The marked increase in the prevalence of attention-deficit/hyperactivity disorder (ADHD) among university students gives rise to questions about how best to diagnose in this setting. The aim of the present study was to calculate ADHD prevalence in a large non-clinical sample of medical students using a stepwise design and to determine whether ADHD diagnosis varies if interviewees use additional probing procedures to obtain examples of positive DSM items.
A total of 726 students were screened with the Adult Self-Report Scale (ASRS) and invited for an interview with the Kiddie Schedule for Affective Disorders and Schizophrenia (K-SADS) adapted for adults.

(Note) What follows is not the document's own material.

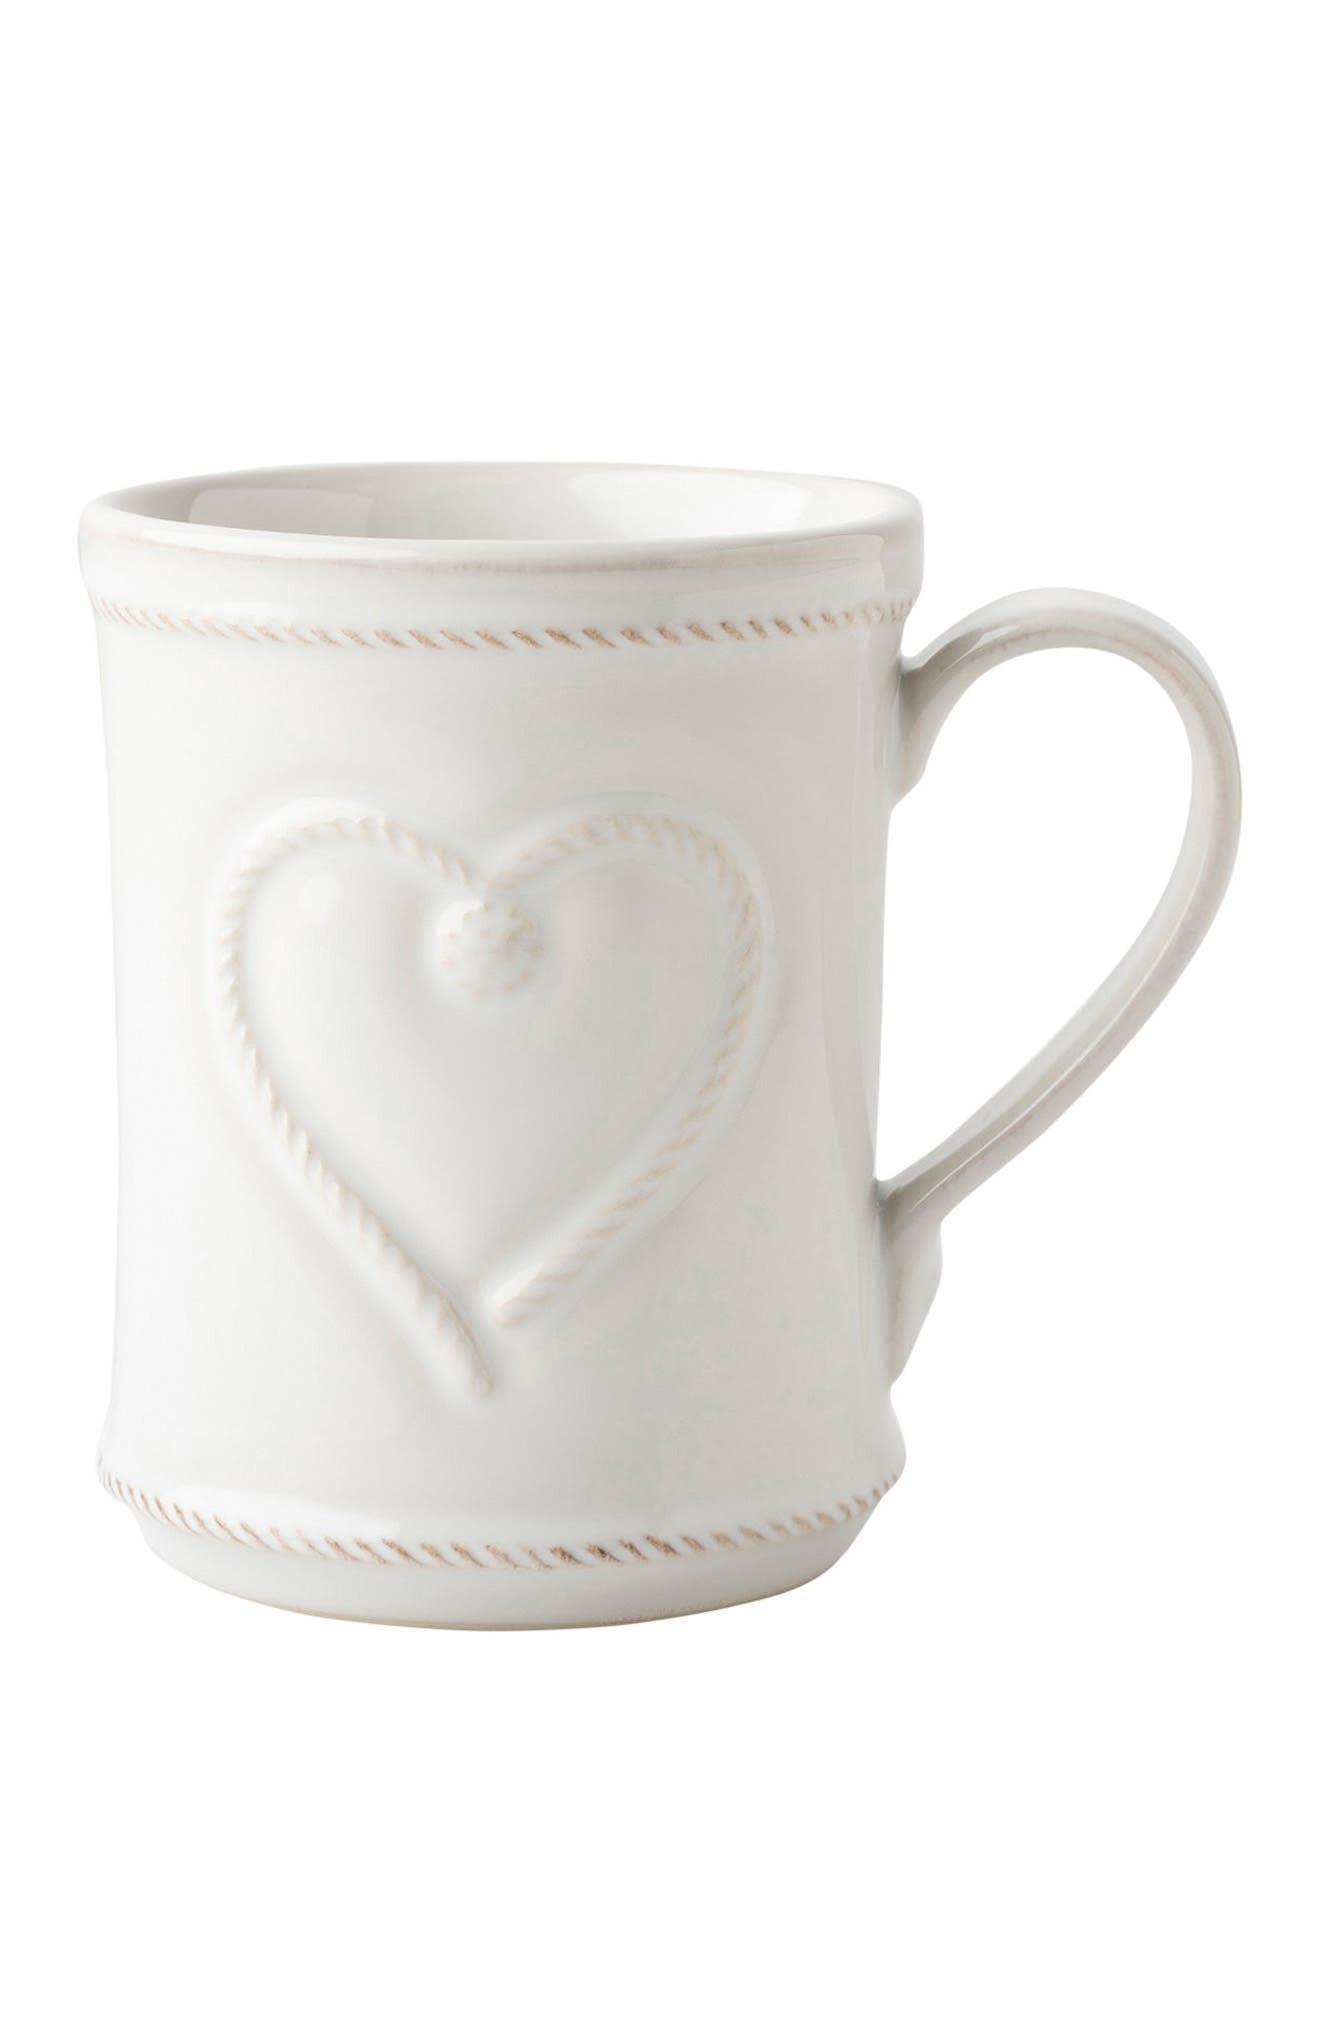 Cupfull of Love Ceramic Mug,                             Main thumbnail 1, color,                             WHITE

The ASRS was positive for 247 students (37%), although only 83 (7.9%) received an ADHD diagnosis. ASRS sensitivity and specificity rates were 0.97 and 0.40, respectively. Probing procedures were used with a subgroup of 226 students, which decreased the number of ADHD diagnoses to 12 (4.5%).
Probing for an individual's real-life examples during the K-SADS interview almost halved ADHD prevalence rate based on the ASRS and K-SADS, which rendered the rate consistent with that typically reported for young adults. In reclassified cases, although examples of inattention did not match the corresponding DSM item, they often referred to another DSM inattention item.